Responsibilities
- Architect and govern the design, deployment, and operation of high-scale, multi-region VM and Kubernetes infrastructure on GCP and AWS, ensuring maximum resilience and performance across all environments.
- Drive cross-functional technical alignment with Engineering, Product, Compliance, and Security teams, serving as the architectural consultant and leader for major initiatives involving capacity planning, disaster recovery, and cloud-native application design.
- Define and enforce organizational best practices and standards for Infrastructure as Code (IaC) using Terraform and Spacelift, ensuring consistency and security across all provisioned cloud resources (GCP/AWS).
- Design and manage complex, multi-layer configuration management and deployment workflows that optimize reliability and operational efficiency across the entire platform.
- Set the technical direction and implement comprehensive observability solutions (Grafana Cloud, Prometheus/Mimir, OTel collectors), establishing organization-wide standards for system visibility, metrics, and alerting.
- Define the strategic architecture and lifecycle management of core platform services, including certificate management, DNS automation, ingress controllers, and service mesh networking (Cilium).
- Proactively identify and lead large-scale strategic efforts to eliminate technical toil and improve operational efficiency through the development of tools, strategic automation, and building advanced CI/CD pipelines.
- Mentor and provide deep technical guidance to both junior and senior engineers within Platform Infrastructure Engineering.
- Participate in a 24x7 on-call rotation as part of a globally distributed team, responding to incidents and driving post-incident reviews to ensure long-term solutions and process improvements.
Requirements
- Bachelor's degree in Computer Science, similar technical field of study, or equivalent practical experience.

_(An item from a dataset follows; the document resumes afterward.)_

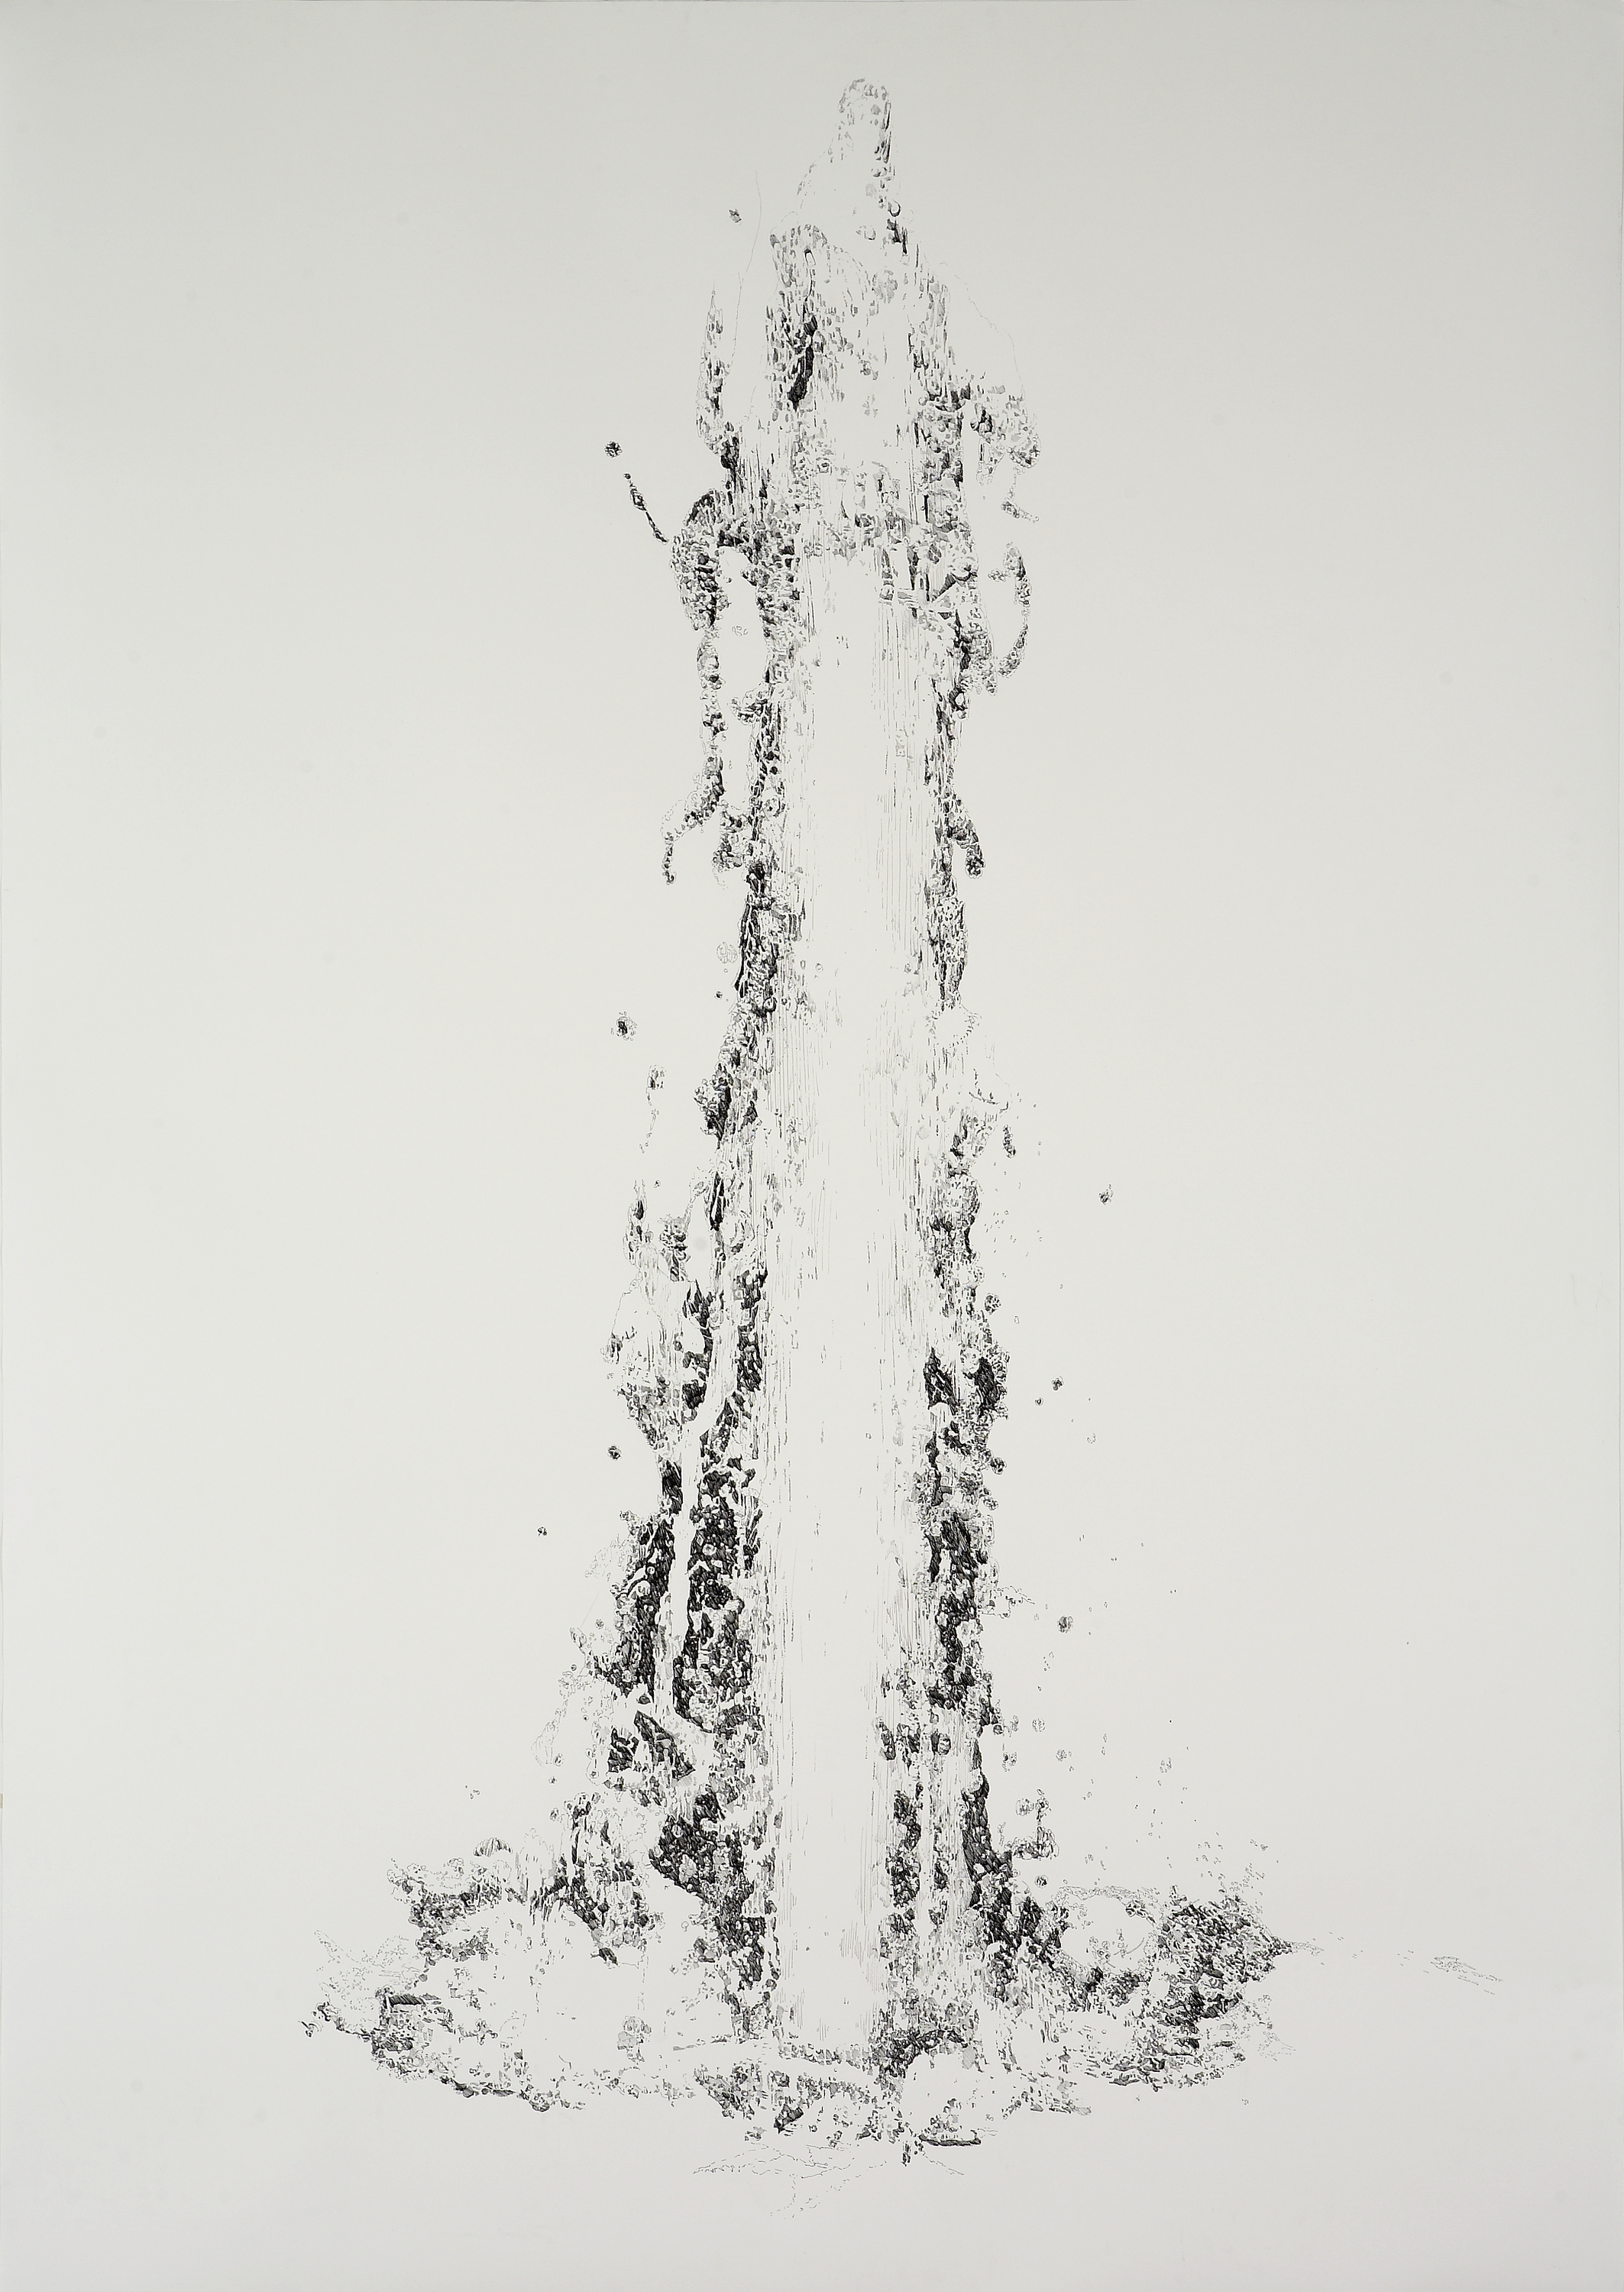 BK P5.002 | untitled | ink on paper | 200x150cm | 2011 | privat collection berlin

- Proficiency in common programming & scripting languages. We use a lot of python, bash and go.
- Understanding of network topologies, communication protocols (ie. TCP/IP, HTTP/S, UDP, TLS) and enterprise grade connectivity solutions.

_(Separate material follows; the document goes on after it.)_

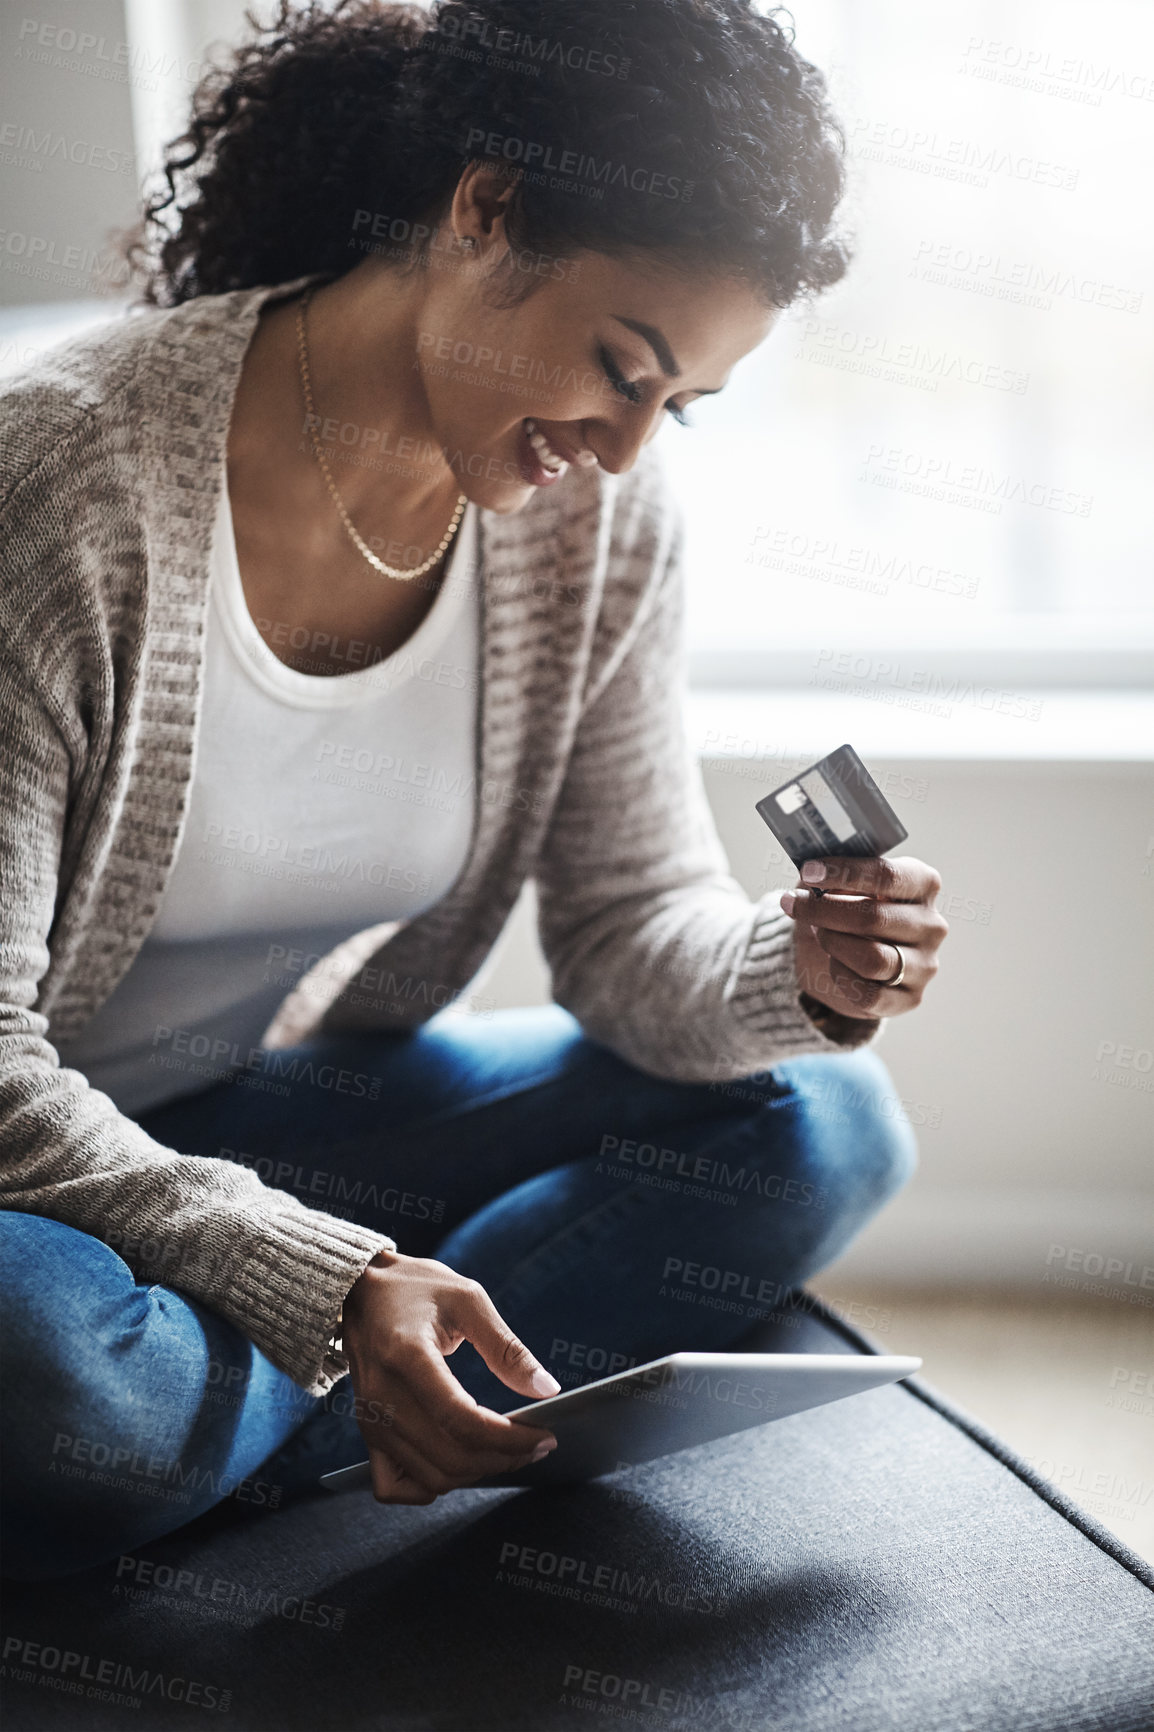 Buy stock photo Shot of an attractive young woman using a digital tablet and credit card at home

- Kubernetes expertise including cluster administration, RBAC, networking, workload management, and troubleshooting across production environments.
- Proven experience with Terraform for infrastructure provisioning and management.

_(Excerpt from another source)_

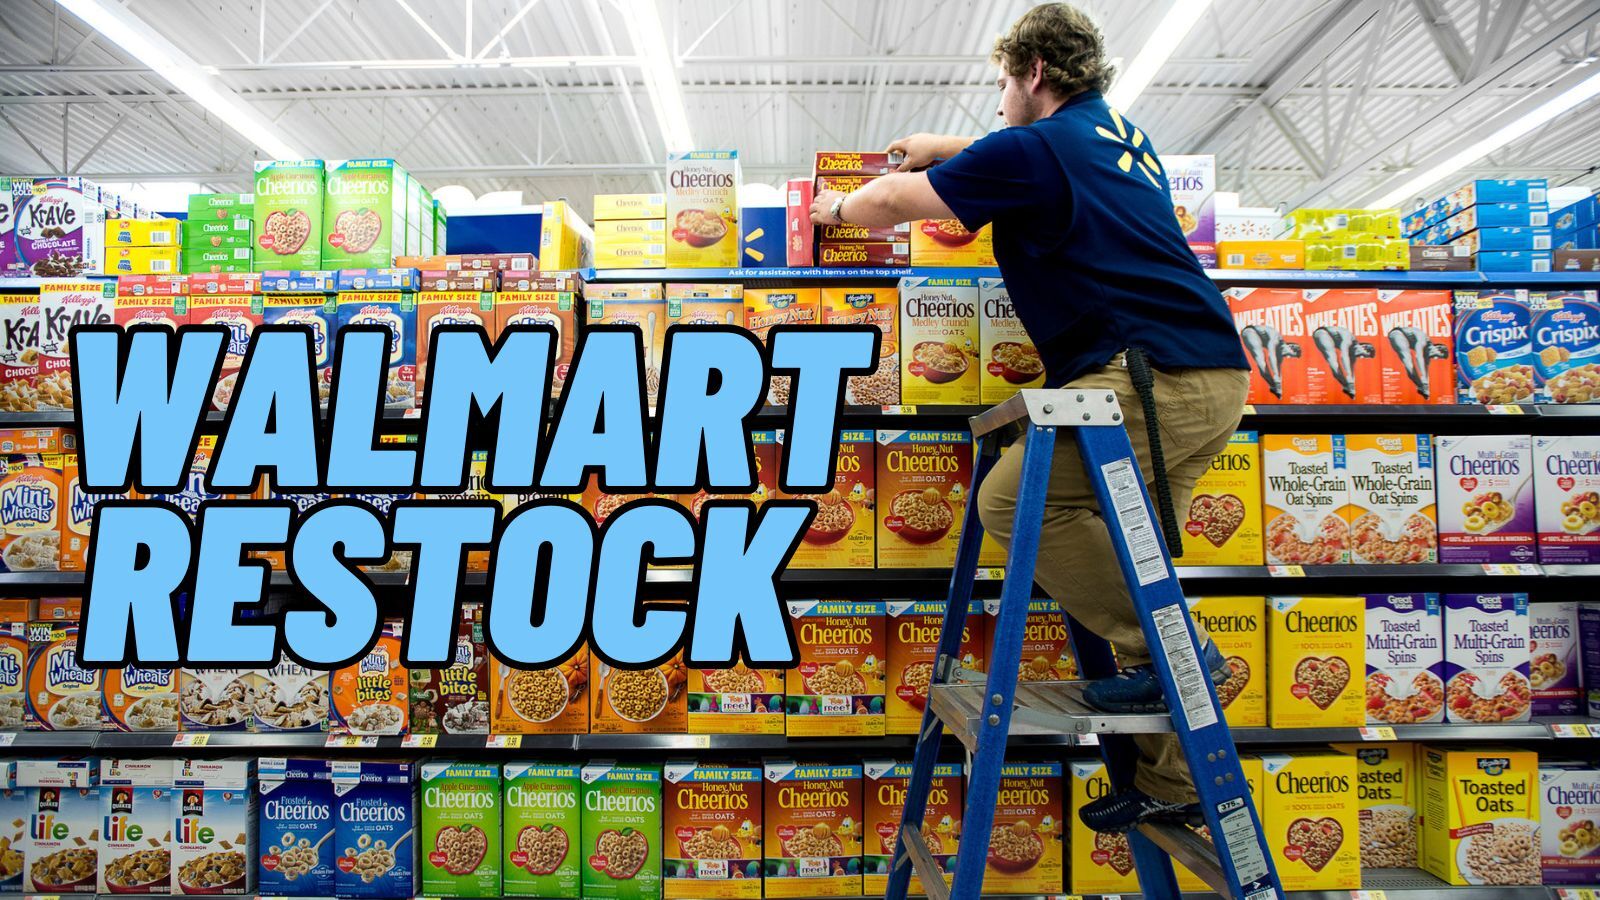 When Does Walmart Restock? (Timely Updates for Various Product Categories)

- Knowledge of Google Cloud Platform services including GKE, VPC networking, Cloud DNS, Artifact Registry, Secret Manager, IAM, Gemini Code Assist, and Workload Identity.
- Prior experience and success mentoring other junior and senior engineers
- Experience with GitOps methodologies and tools.
- Clear understanding of how to use LLM code assist tools to effectively build software.
Work Arrangement
Remote (Worldwide)
Additional Information
- Participate in a 24x7 on-call rotation as part of a globally distributed team.
- All qualified applicants will receive consideration for employment without regard to race, sex, color, religion, sexual orientation, gender identity, national origin, protected veteran status, or on the basis of disability.